Files
multica/server/internal/handler/source_telemetry.go
Naiyuan Qing 63eb6f73ad feat(analytics): anonymous self-host onboarding source beacon (MUL-3708) (#4691)
* feat(analytics): anonymous self-host onboarding source beacon (MUL-3708)

Production self-host servers now report the anonymous onboarding "how did
you hear about us" channel to Multica's public write-only ingest, so the
self-host source distribution becomes visible alongside official cloud.
Official cloud keeps its existing PostHog capture unchanged; this is a
submit-time beacon, not a background telemetry pipeline.

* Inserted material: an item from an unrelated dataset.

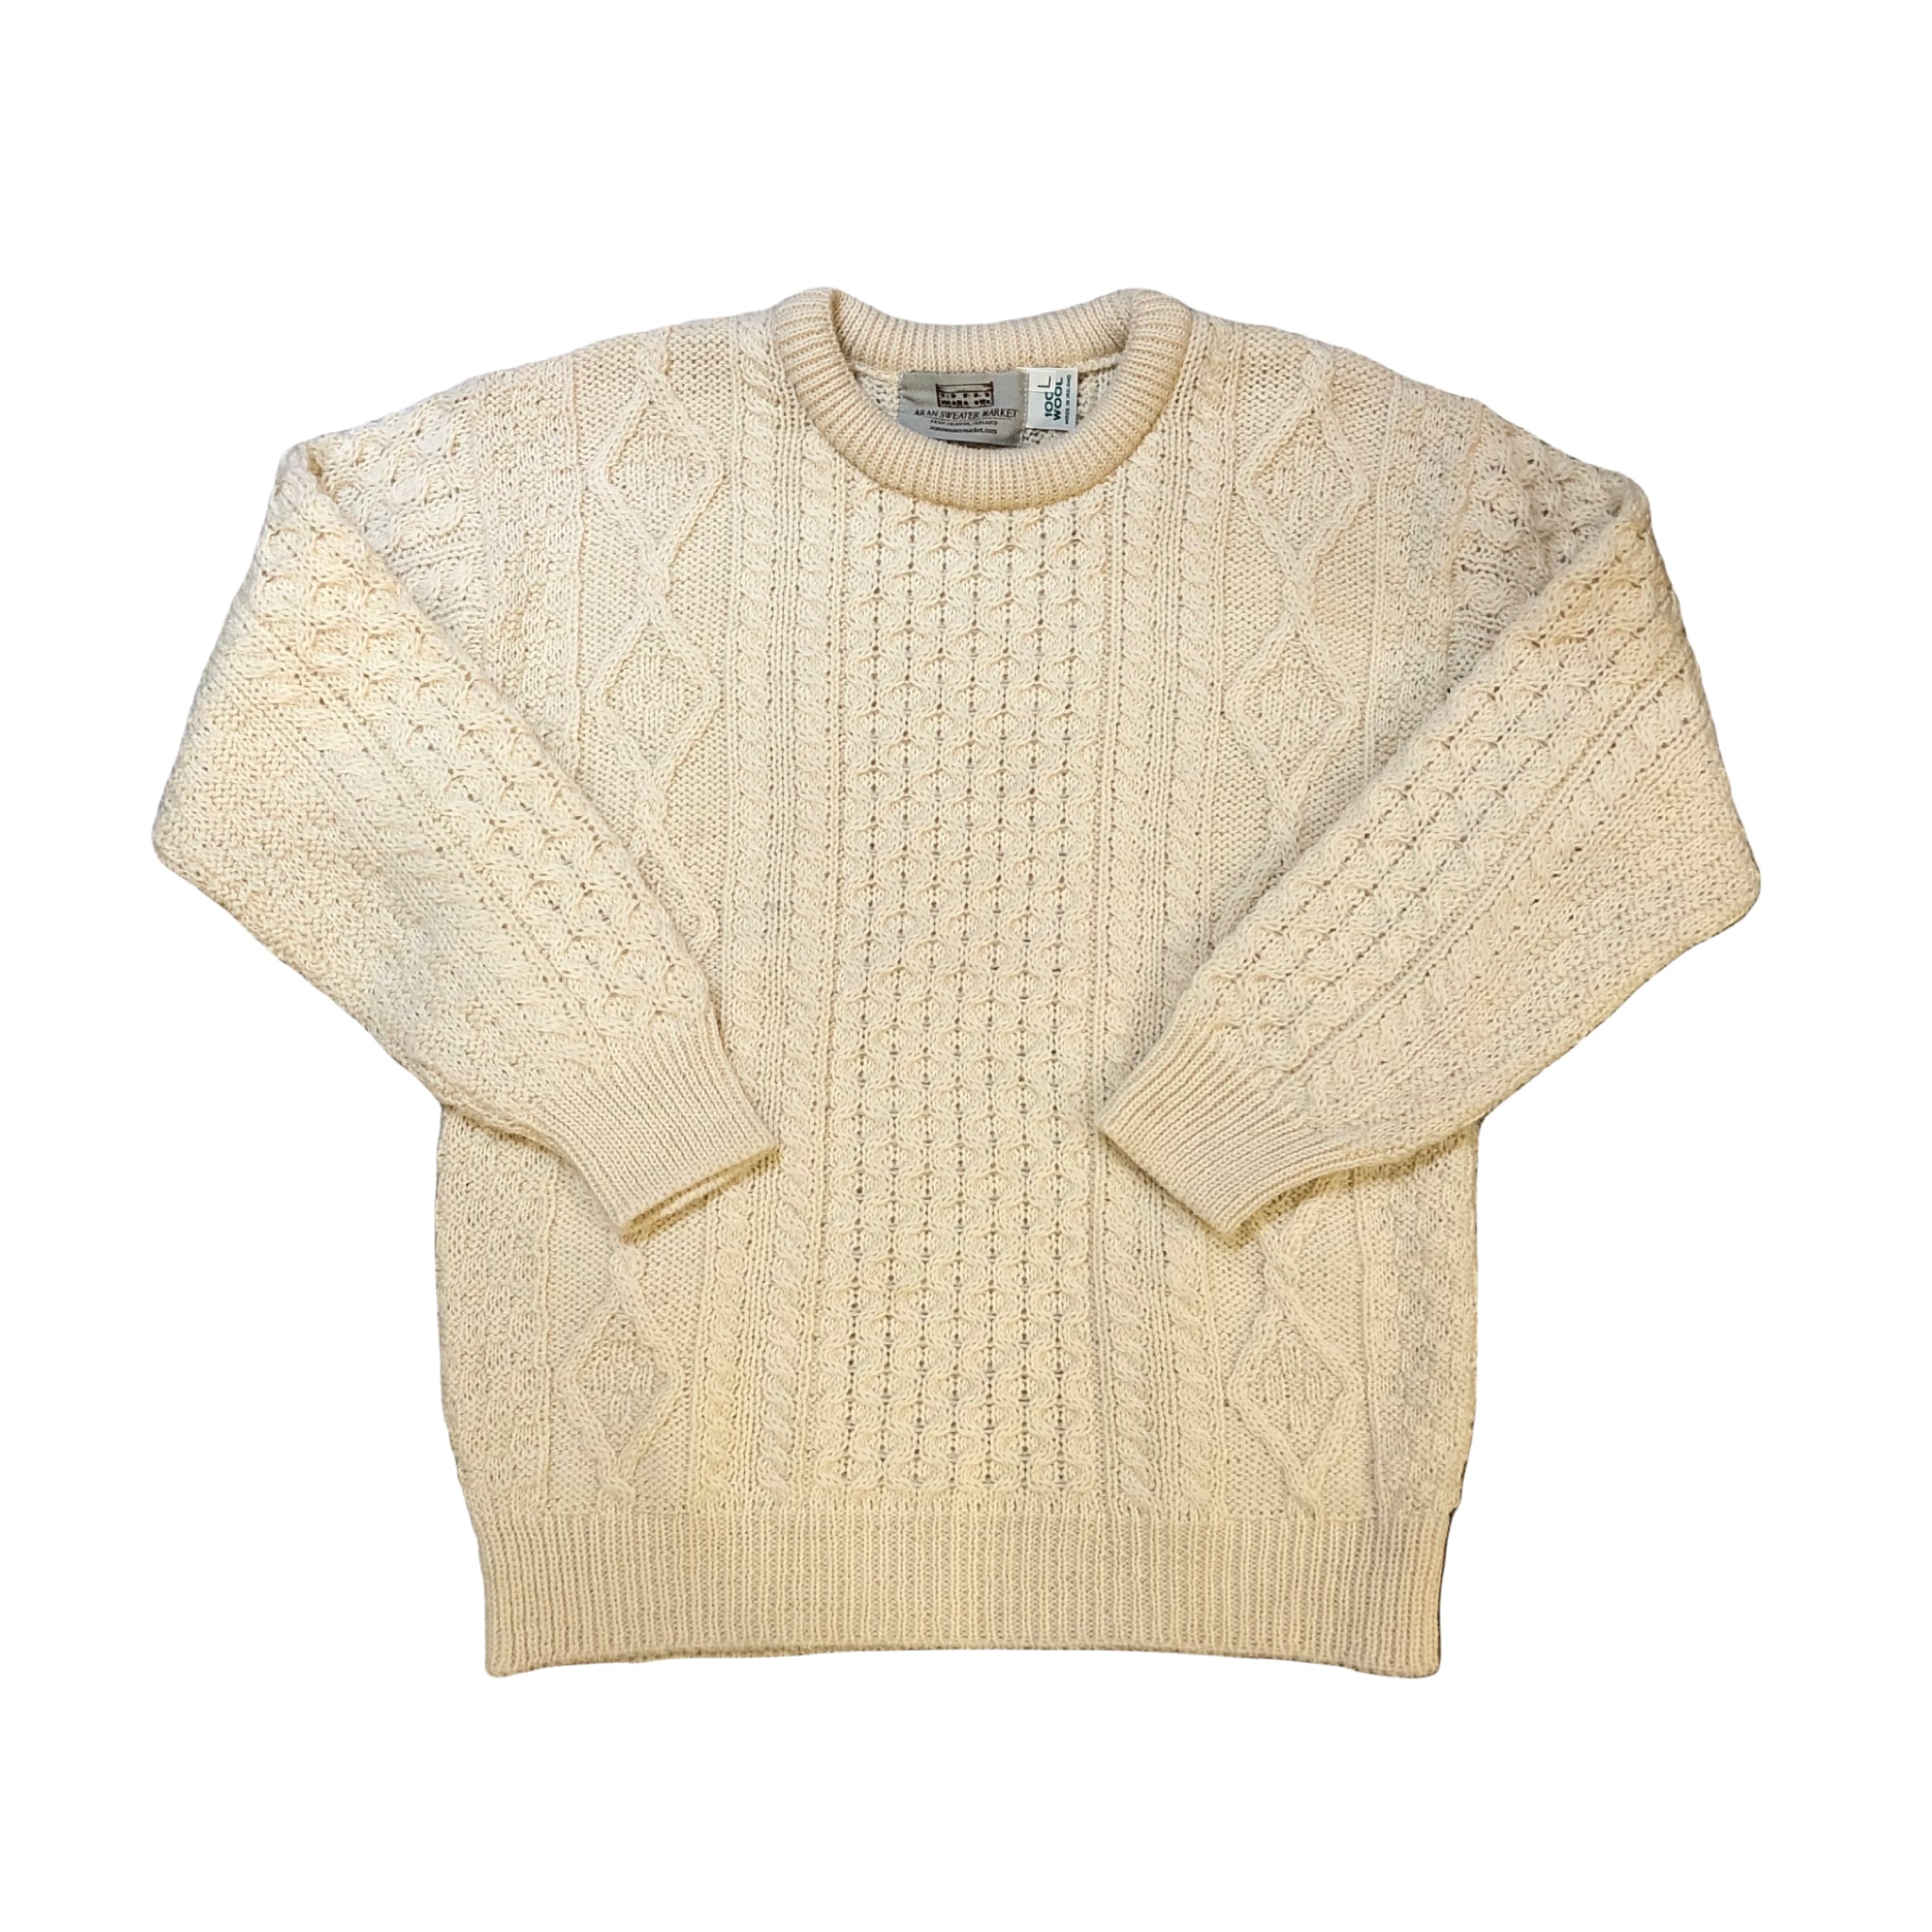 Aran Sweater Market Sweater ¥7,800+tax | BLUE VALENTINE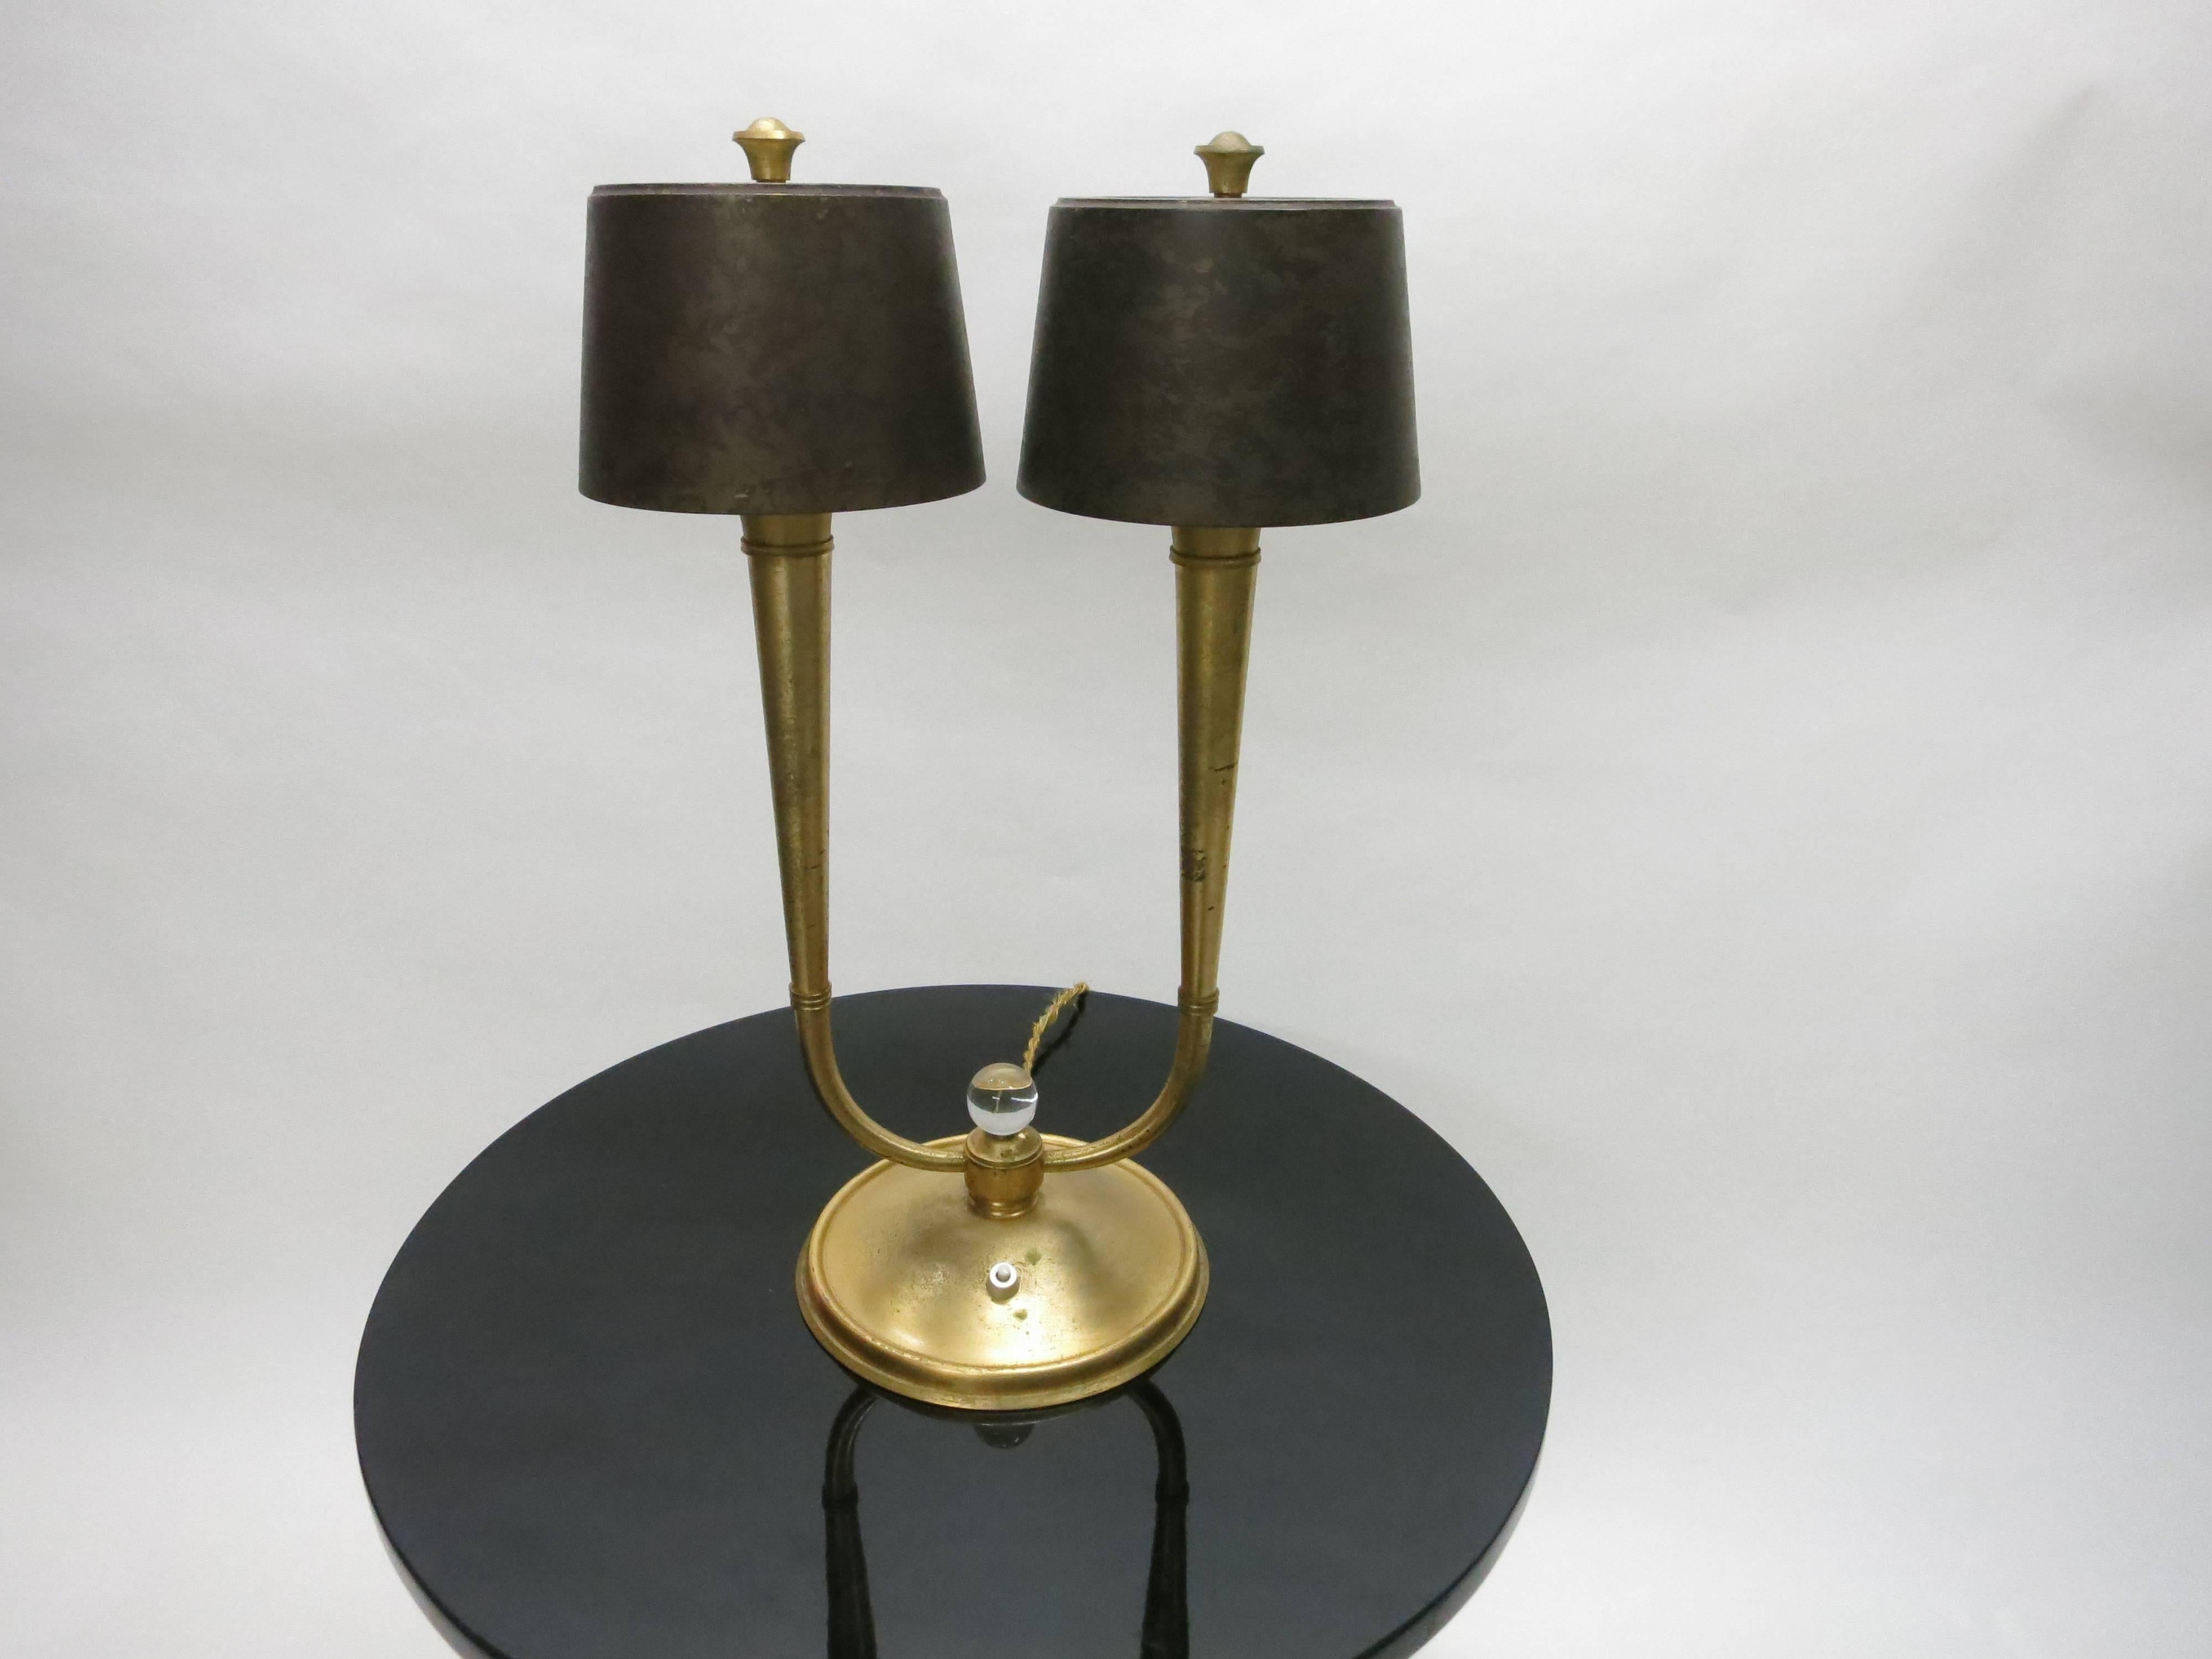 Paire de lampes de table françaises par Gênet et Michon. Chaque lampe a une base ronde avec deux bras cannelés, en bronze doré, séparés par une boule de cristal ronde. Chacun des quatre abat-jour, en bronze, a une patine plus foncée et un diffuseur

- server/internal/sourcebeacon: ShouldSend gate (production + non-local +
  non-*.multica.ai app host, fail-closed — judged by the app/frontend host,
  not the backend URL, which official often leaves unset), per-instance
  salted hashing, deterministic event uuid, fire-and-forget sender.
- POST /api/telemetry/self-host-source: public, write-only, per-IP
  rate-limited, 4 KiB body cap, channel allowlist, strict unknown-field
  rejection. Lands in PostHog as self_host_source_channel with a
  deterministic uuid (best-effort dedup), $process_person_profile=false,
  and deployment=self_host — a distinct event name so it never pollutes the
  official onboarding funnel.
- Hook in PatchOnboarding fires once when the source is first set; never
  blocks onboarding. Only channel enum(s) + two per-instance hashes leave
  the box — never user_id/email/name/workspace/org/domain/role/use_case/the
  source_other free-text/IP.
- migration 128: system_settings singleton holding instance_salt.
- frontend: self-host-only anonymous-collection notice on the source step,
  gated by a new /api/config self_host_source_notice flag (en/zh-Hans/ko/ja).
- analytics.Event gains an optional top-level uuid; docs/analytics.md,
  SELF_HOSTING.md and .env.example document exactly what is/isn't sent and
  how to disable it (ANALYTICS_DISABLED). Also fixes the long-standing
  team_size→source drift in docs/analytics.md.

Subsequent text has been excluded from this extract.